Ketua Harian Yayasan Lembaga Konsumen Infonesia (YLKI) Tulus Abadi menilai kebijakan Menteri Perhubungan menurunkan tarif batas atas (TBA) pesawat setengah hati. "Diturunkannya TBA sebesar 12 hingga 16 persen, belum tentu dapat dirasakan oleh masyarakat. Sebab faktanya semua maskapai telah menerapkan tarif tinggi, rata-rata di atas 100 persen dari tarif batas bawah," kata Tulus Abadi dalam keterangan tertulis yang diterima ngopibareng.id, Selasa 14 Mei 2019.
Prosentase turunnya TBA tersebut tidak akan mampu menggerus tingginya harga tiket pesawat. "Langkah Menhub bisa dipahami pada konteks sebagai kebijakan publik, setelah mendapat tekanan publik yang cukup masif. Kemenhub berkompeten mengatur TBA pesawat udara, sebagamaina diatur dalam UU tentang Penerbangan," ujar Tulus Abadi.
Walau maskapai belum melanggar ketentuan TBA, tetapi yang diharapkan, khususnya Garuda, bisa menurunkan harga tiketnya karena harga avtur sudah sudah turun. Namun hal tersebut tidak dilakukan oleh semua maskapai.
Menurut Tulus Abadi, YLKI juga khawatir, setelah Menhub menurunkan TBA ini juga akan direspon negatif oleh maskapai dengan menutup rute penerbangan yang dianggap tidak menguntungkan atau setidaknya mengurangi jumlah frekwensi penerbangannya.
"Jika hal ini terjadi maka akses penerbangan banyak yang collaps, khususnya Indonesia bagian Timur.
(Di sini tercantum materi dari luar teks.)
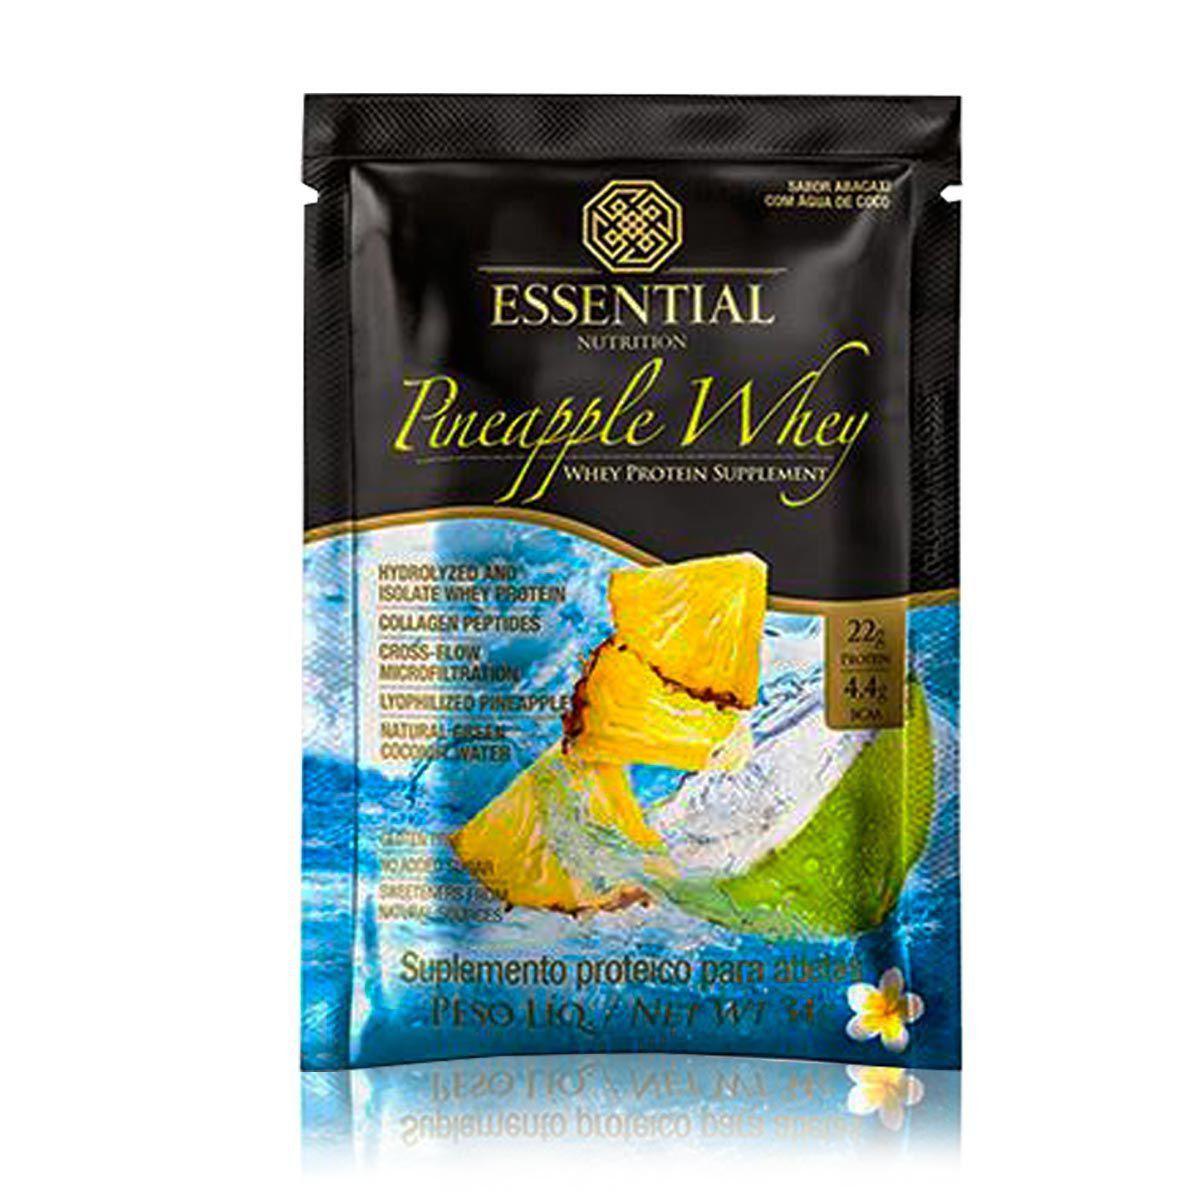 Pineapple Whey Sachê Essential Nutrition
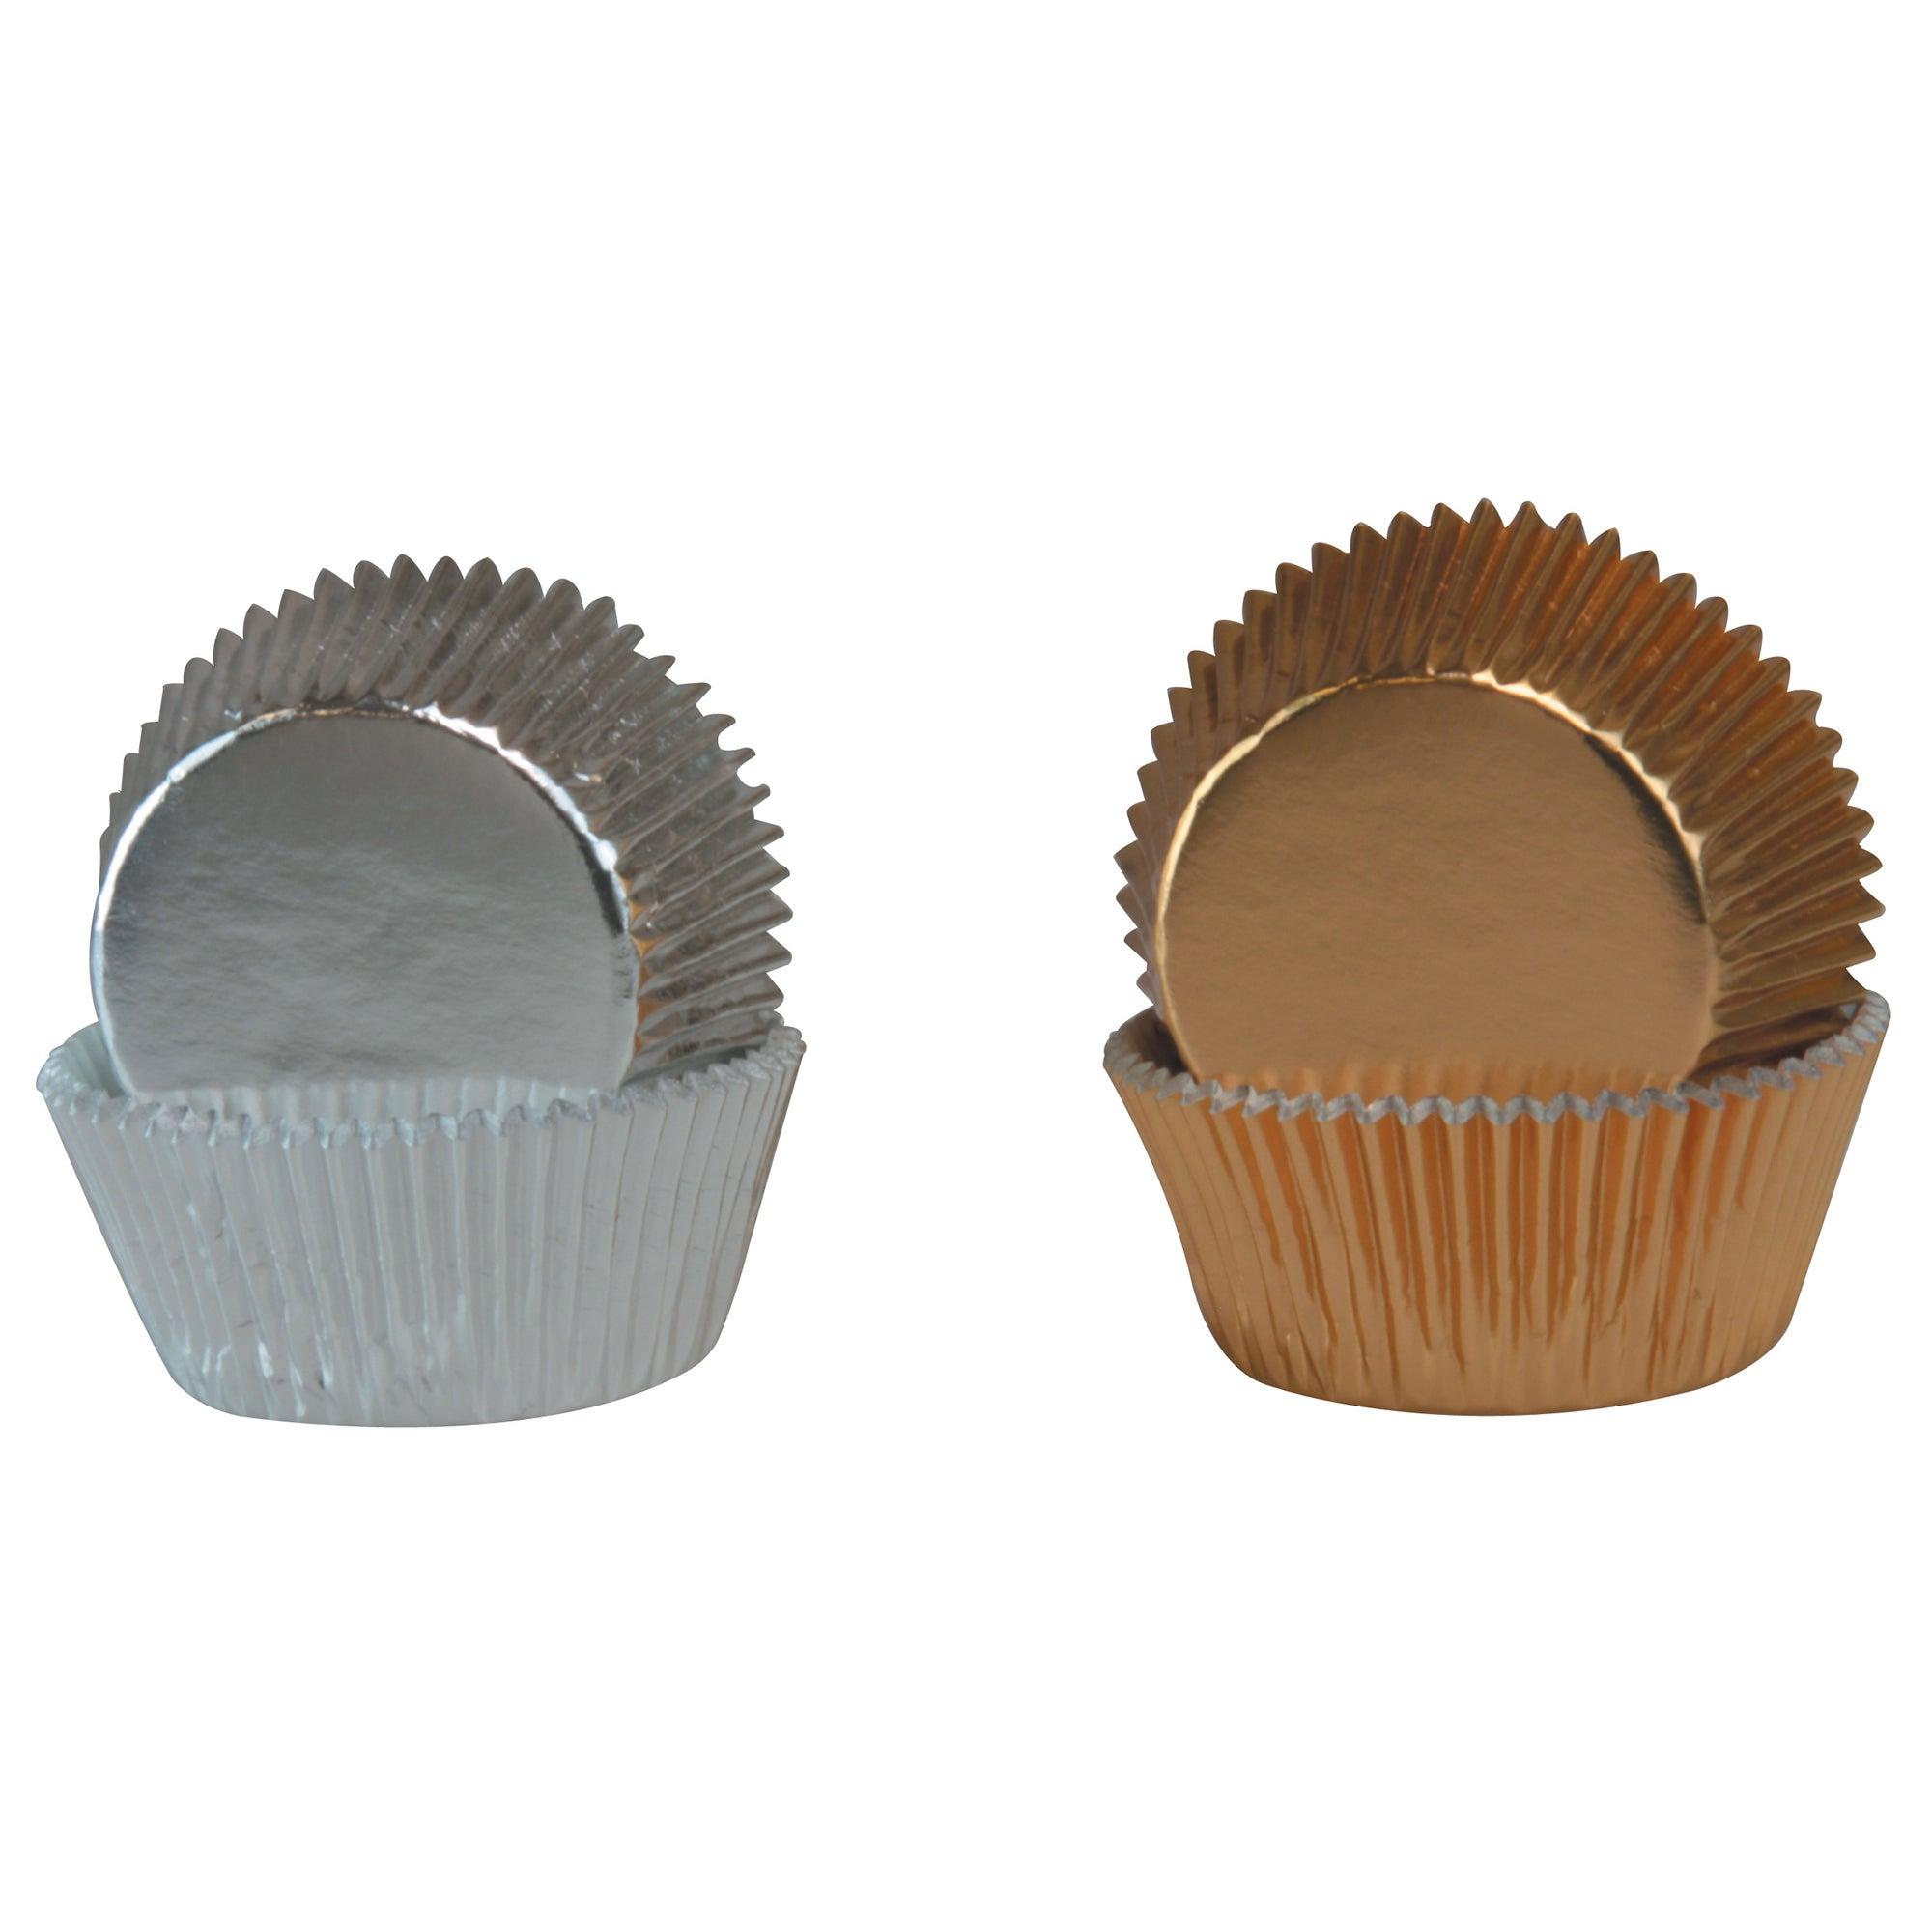 Pack of 36 Metallic Cupcake Cases

Sehingga publik akan kesulitan mendapatkan akses penerbangan," ujarnya.
Komponen tiket pesawat juga bukan hanya soal TBA saja, tapi juga komponen tarif kebandaraudaraan yang setiap dua tahun mengalami kenaikan. Hal itu berpengaruh pada harga tiket pesawat karena tarif kebandarudaraan (PJP2U) include on ticket.
"Kalau pemerintah memang ingin menurunkan tiket pesawat, seharusnya bukan hanya dengan mengutak atik formulasi TBA saja, tetapi bisa menghilangkan/menurunkan PPN tarif pesawat, sebesar 10 persen, misalnya diturunkan menjadi 5 persen saja. Jadi pemerintah harus fair, bukan hanya menekan maskapai saja, tetapi pemerintah tidak mau mereduksi potensi pendapatannya dengan menurunkan PPN tiket pesawat," beber Tulus Abadi.
Penurunan TBA ini hanya berlaku untuk maskapai dengan pelayanan full service, sedangkan maskapai berbiaya murah atau low-cost carrier (LCC) diminta untuk menyesuaikan harga atau 50% dari TBA yang ditetapkan.
Keputusan ini akan dikeluarkan dalam bentuk Surat Keputusan (SK) Menteri Perhubungan yang akan ditandatangani pada 15 Mei 2019. (asm)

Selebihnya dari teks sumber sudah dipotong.